「ダメだ! 前十字靭帯が壊れた」 苦境のアルゼンチンにさらなる試練…天才司令塔が無念の離脱

2017年10月06日 サッカーダイジェストWeb編集部

制止を振り切り、意地でピッチに戻るも…。

俯きながらピッチを去ったガゴ。試合後にアルゼンチンの公式ツイッターで、チームからの離脱が発表された。 (C) Getty Images

 久しぶりの代表戦で、天才肌の名ボランチがまたも大怪我を負ってしまった。現地時間10月5日に行なわれたロシア・ワールドカップ南米予選のペルー戦で、アルゼンチン代表MFのフェルナンド・ガゴが、右膝前十字靭帯と内側側副靭帯を損傷した。
 
 アルゼンチンが痛恨のスコアレスドローに終わった一戦で、ガゴが悲劇に見舞われたのは、60分の途中出場からわずか6分後ことだった。
 
 ハーフウェーライン付近から右サイドにパスを出した瞬間、振り下ろした右足を捻ねり、苦悶の表情を浮かべながらピッチに倒れ込んだのだ。

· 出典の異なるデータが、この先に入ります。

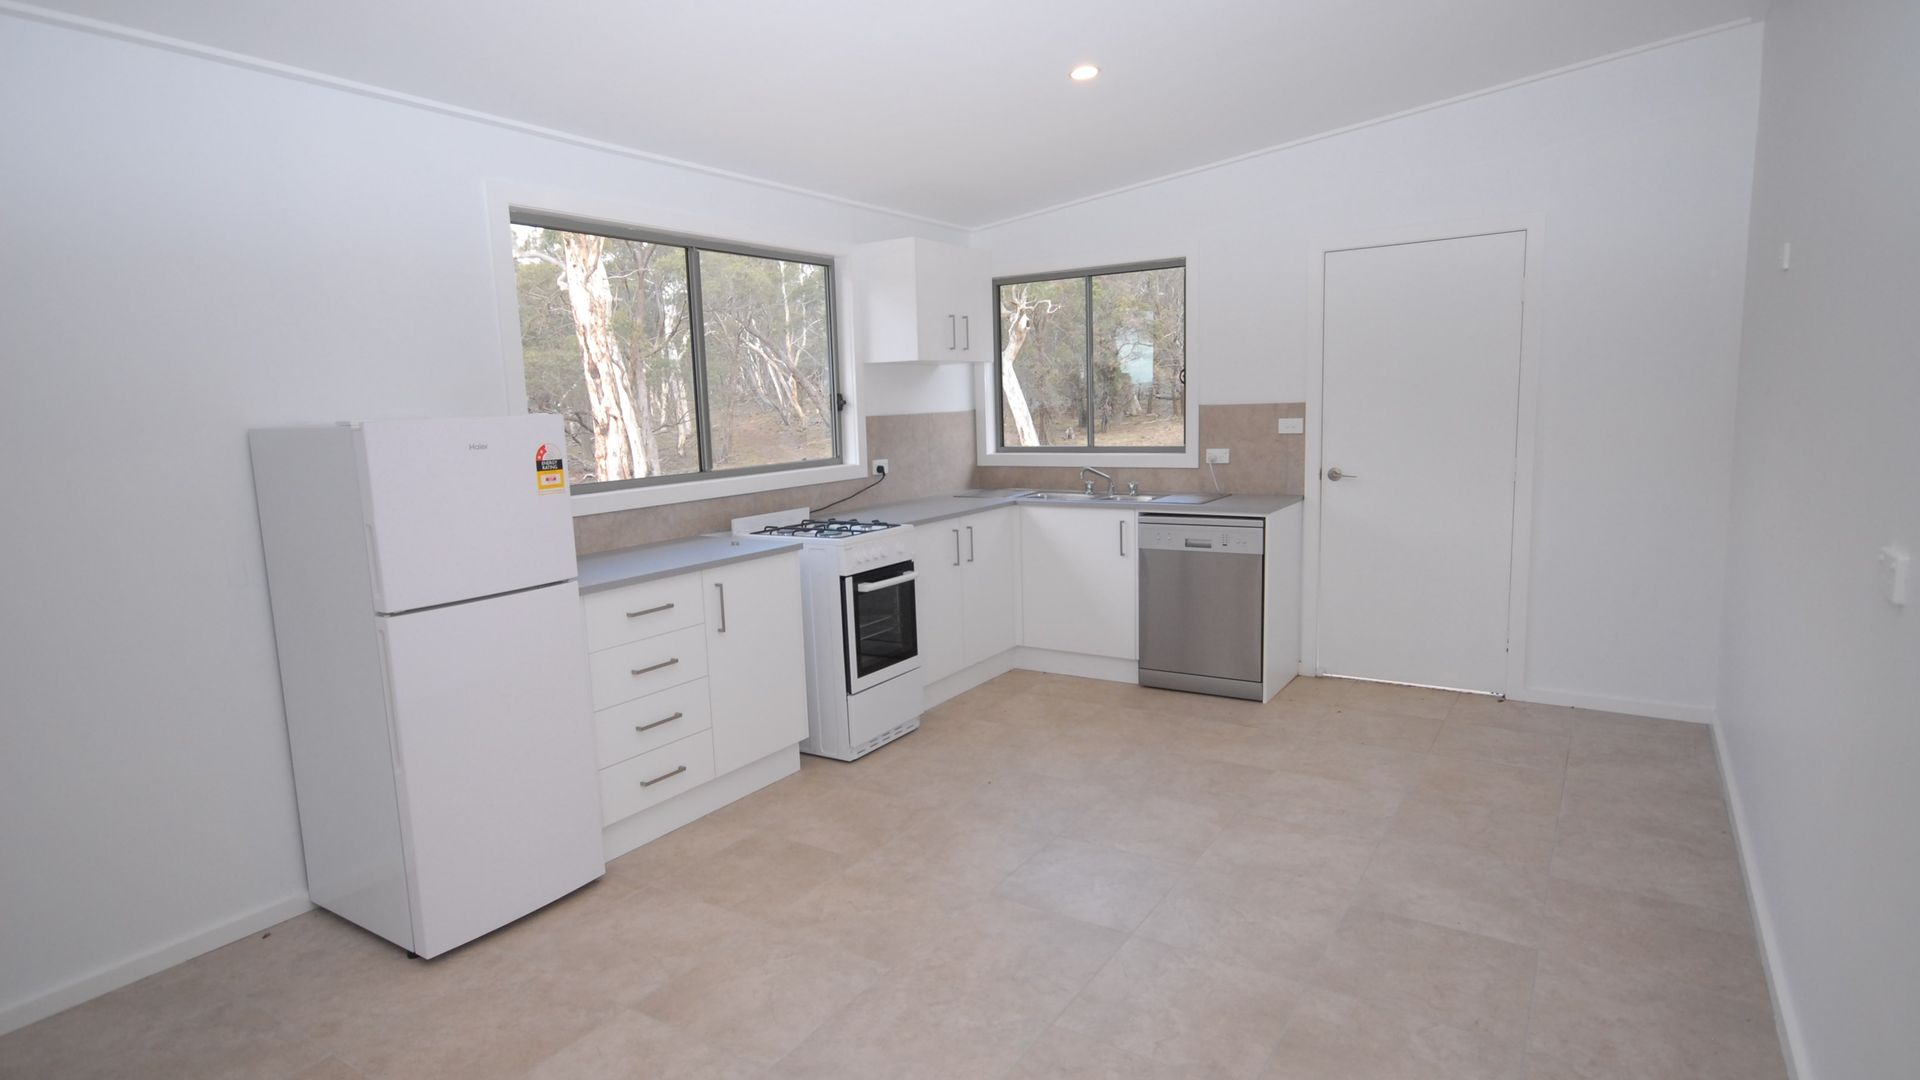 0000 Kings Highway, Bungendore NSW 2621, Image 1

 アルゼンチン・メディア『Tycスポーツ』によれば、この時、ガゴはチームメイトに「ダメだ! 前十字靭帯が壊れた」と吐き捨てるように言ったという。
 
 すぐさま、自らの足でピッチサイドに出たガゴは、治療にあたったチームドクターに対して、チームを想ってか「お願いだ! プレーさせてくれ!」と懇願。「ダメだ」というドクターを半ば強引に振り切って、一度はピッチに戻ったが、やはり靭帯が壊れた状態でのプレーは不可能となり、エンソ・ペレスと無念の交代となった。
 
 現在31歳のガゴが重傷を負うのはこれが初めてではない。2015年の9月にはアキレス腱を損傷して4か月間の離脱を強いられ、昨年4月には再びアキレス腱を痛めて長期離脱と、怪我に悩まされてきた。
 
 その後、懸命なリハビリのかいもあり、今年8月のアルゼンチン・リーグ開幕戦で完全復帰していた。
 
 今回のペルー戦は、2015年9月のメキシコ戦以来となる代表戦。しかも、舞台は所属するボカ・ジュニオルスの本拠地『ボンボネーラ』というだけあって、本人はやる気に満ちていたに違いないが、無残にもその想いは最悪のかたちで打ち砕かれることになってしまった。
 
 試合後、そんなガゴに対して指揮官のホルヘ・サンパオリは、「計り知れないダメージだ。ガゴは貴重な選手だからね。彼はプレーの続行を望んでいたが、酷い痛みを抱えていたので、それを認めることはできなかった」と語っている。
 
 ペルーに引き分けたため、ワールドカップ出場圏外の6位に転落したアルゼンチン。そんな窮地に立たされた状況で、2007年の初招集から長く代表チームを下支えしてきた名手ガゴを欠くことは、まさに痛恨の極みと言えよう。